5. Initializes an API Gateway to trigger the Lambda function.

### Pulumi Program for Low-Latency Inference

```python
import pulumi
import pulumi_aws as aws

# Create a SageMaker model by pointing to the pre-trained model data.
sagemaker_model = aws.sagemaker.Model("llmModel",
    execution_role_arn="arn:aws:iam::123456789012:role/service-role/AmazonSageMaker-ExecutionRole-20200101T000001", # Replace with your SageMaker execution role ARN
    primary_container={
        "image": "174872318107.dkr.ecr.us-east-1.amazonaws.com/kmeans:1", # Replace with the image of the LLM model
        "model_data_url": "s3://my-bucket/pretrained-llm-model-data", # Path to your pretrained model data
    })

# Deploy the model to a SageMaker endpoint configuration
endpoint_config = aws.sagemaker.EndpointConfiguration("llmEndpointConfig",
    production_variants=[{
        "instanceType": "ml.m5.large",
        "modelName": sagemaker_model.name,
        "variantName": "VariantOne",
        "initialInstanceCount": 1,
    }])

# Create the SageMaker endpoint where inference requests can be sent
sagemaker_endpoint = aws.sagemaker.Endpoint("llmEndpoint",
    endpoint_config_name=endpoint_config.name)

# Define the AWS Lambda function that will preprocess requests and invoke the SageMaker endpoint
with open('inference_lambda_handler.py', 'r') as lambda_handler_file:
    lambda_handler_code = lambda_handler_file.read()

# Create a Lambda function to process and forward requests to the SageMaker endpoint
lambda_function = aws.lambda_.Function("inferenceLambdaFunction",
    code=pulumi.StringAsset(lambda_handler_code),
    role="arn:aws:iam::123456789012:role/lambda_execution_role", # Replace with your Lambda execution role ARN
    handler="inference_lambda_handler.handler",
    runtime="python3.8",
    environment={
        "variables": {
            "SAGEMAKER_ENDPOINT_NAME": sagemaker_endpoint.name,
        },
    },
    timeout=10 # Provide adequate timeout for processing and SageMaker communication
)

# Use API Gateway to expose the Lambda function as a REST API endpoint
api_gateway = aws.apigatewayv2.Api("inferenceApi",
    protocol_type="HTTP",
    route_key="POST /invoke-llm",
    target=lambda_function.invoke_arn)

# Export the API Gateway endpoint URL
pulumi.export('api_url', api_gateway.api_endpoint)
```

In this program, replace the placeholders such as execution role ARNs and model data URLs with valid AWS resources that correspond to your deployment.
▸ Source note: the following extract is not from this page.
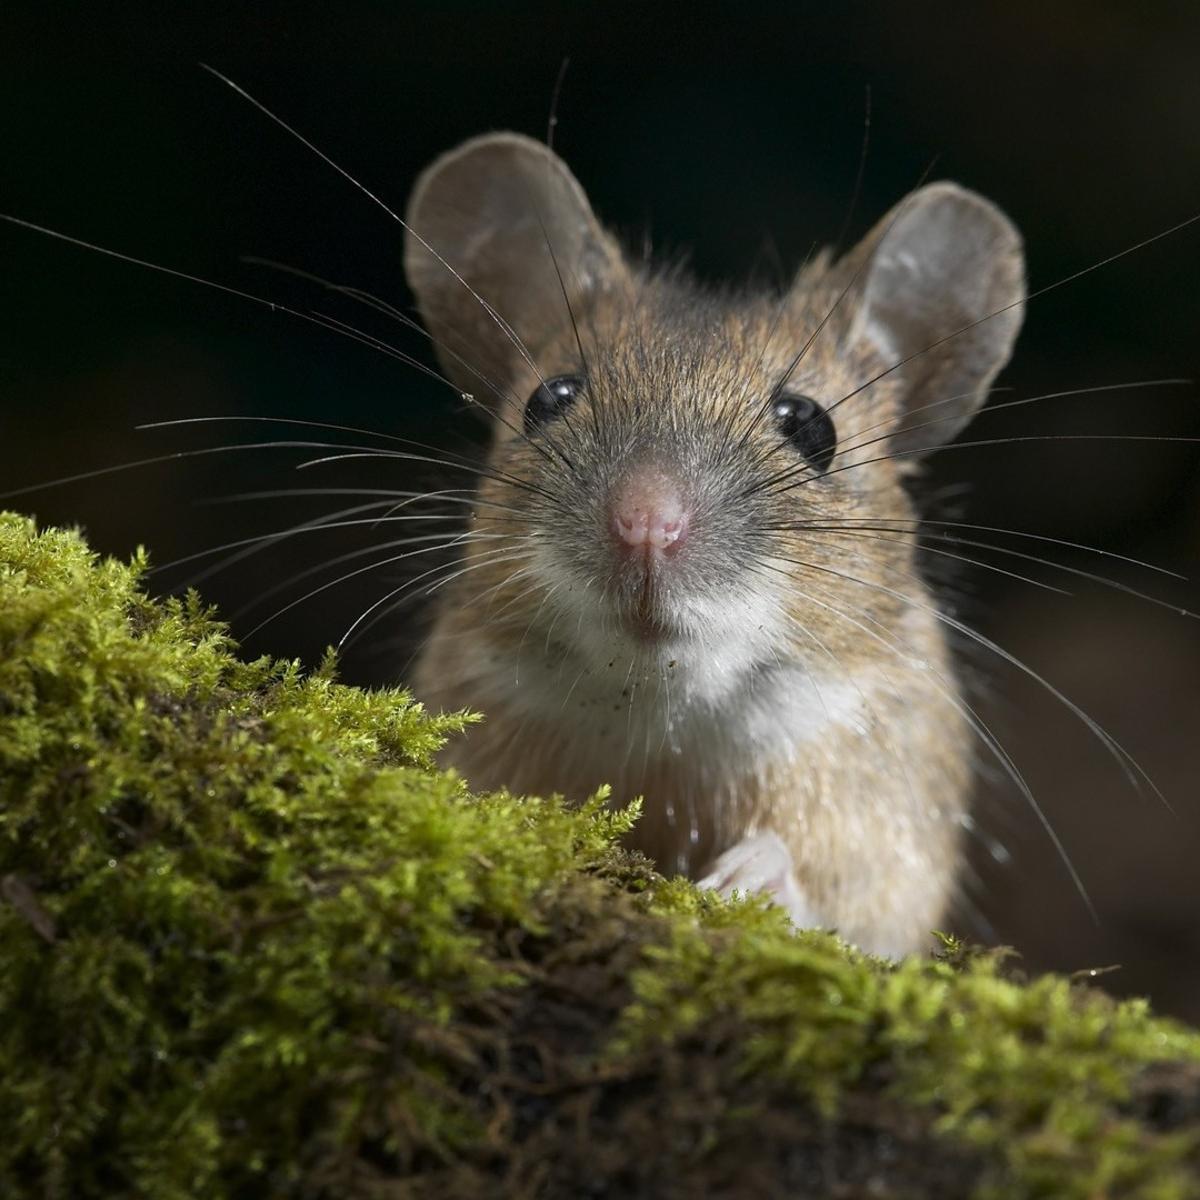 forest-mice-animals-nature-grass-wildlife-109260-wallhere.com (1).jpg

Before running this Pulumi program, you would first need to create an AWS Lambda execution role that grants your Lambda function the necessary permissions to invoke SageMaker endpoints and log to CloudWatch Logs. Likewise, you should set up the SageMaker execution role to have access to the specified S3 bucket and necessary policies to run SageMaker jobs.
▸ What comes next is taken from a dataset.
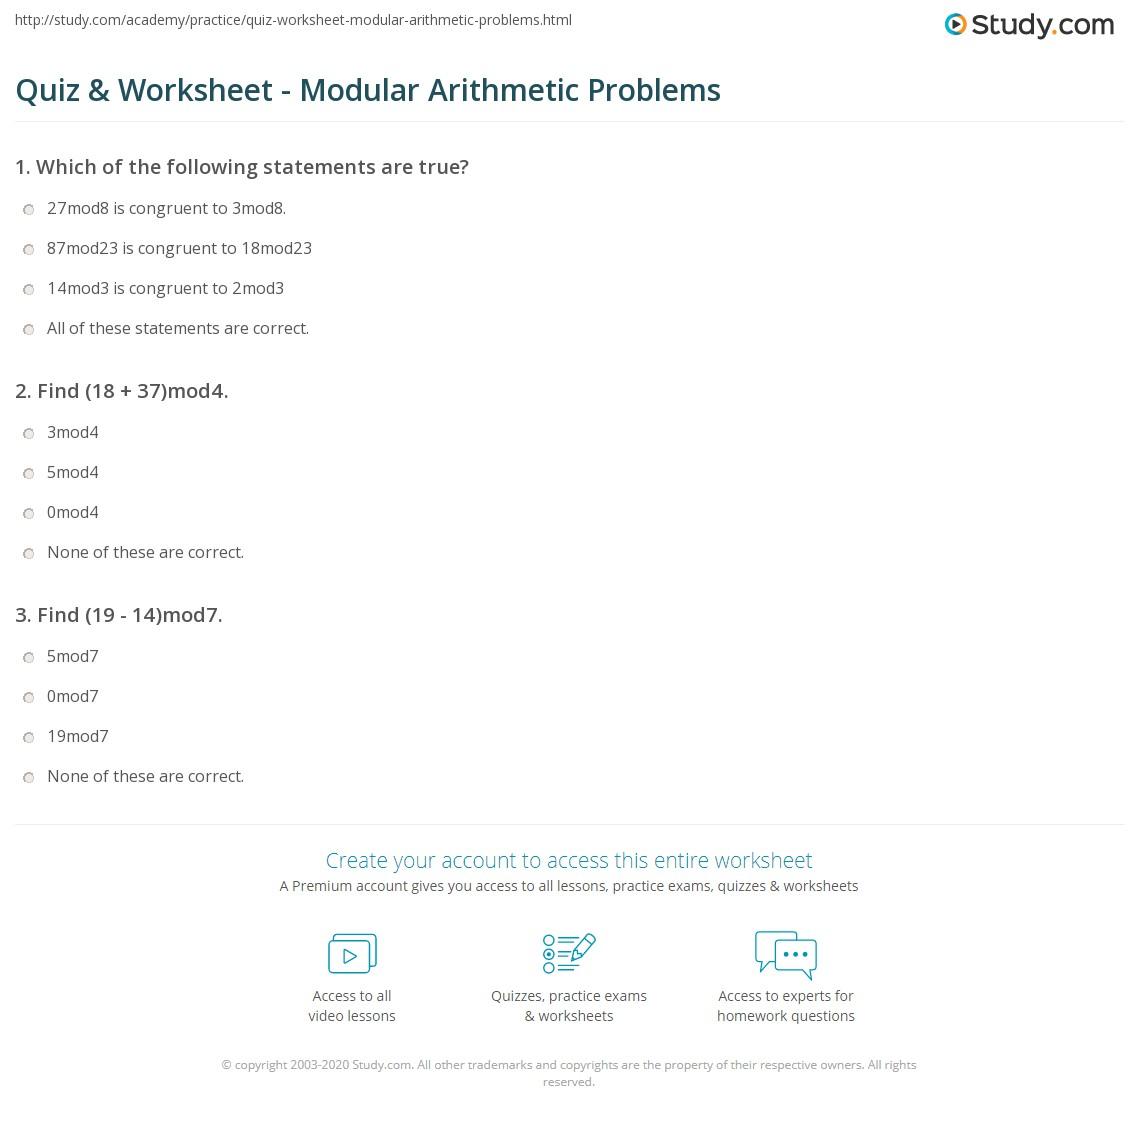 Quiz & Worksheet - Modular Arithmetic Problems   Study.com

Place the logic that handles the incoming request and invokes the SageMaker endpoint within an `inference_lambda_handler.py` file located alongside your Pulumi program.
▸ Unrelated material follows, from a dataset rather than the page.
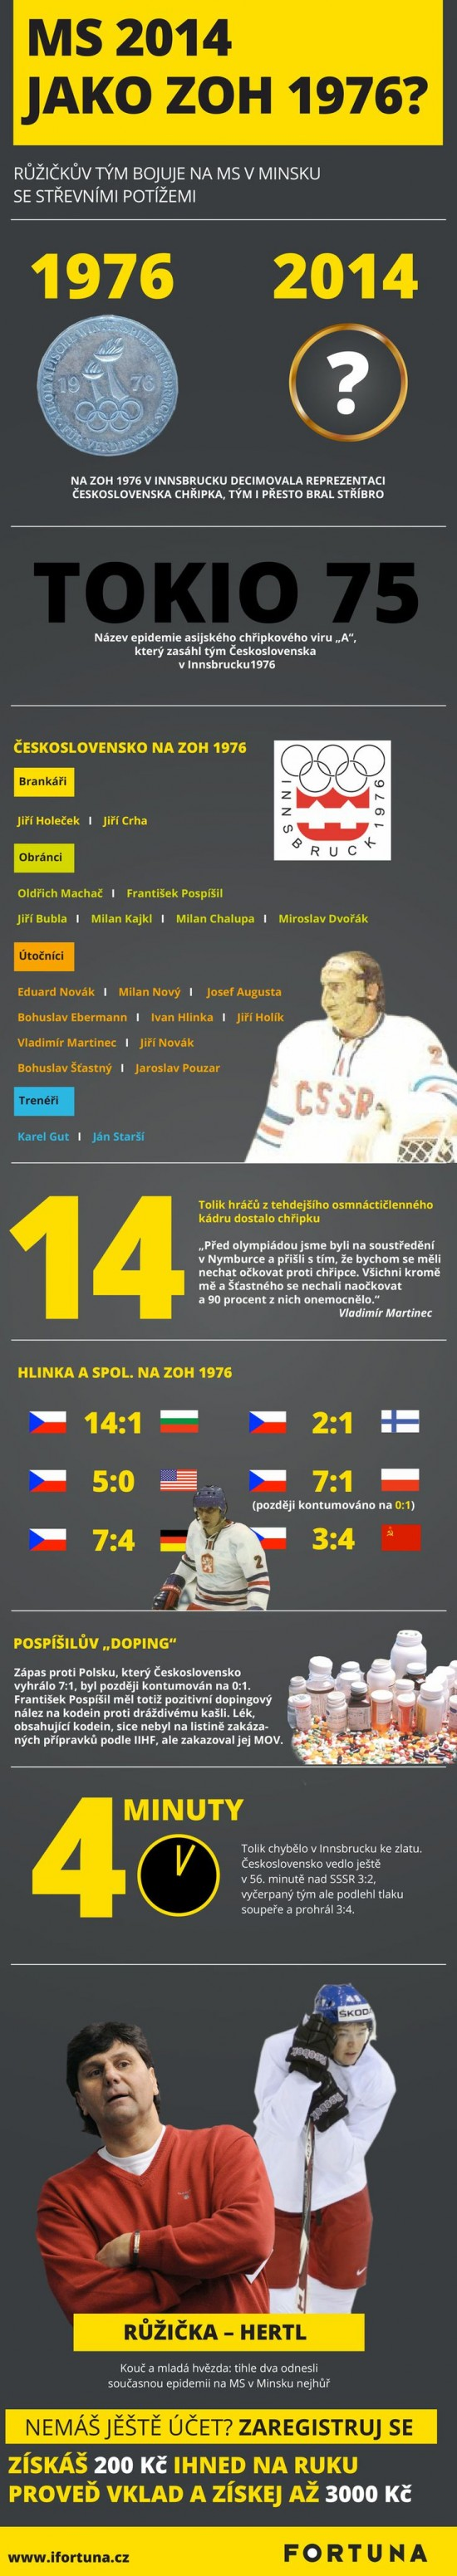 MS 2014 jako ZOH 196 - infografika

To execute this Pulumi program:
1. Install Pulumi and configure your AWS credentials.
2. Create a new directory, save the above program as `__main__.py`, and place your Lambda handler code in `inference_lambda_handler.py`.
3. Run `pulumi up` in the directory to create the resources.
4. Once the Pulumi process is complete, test the API Gateway endpoint by sending inference requests.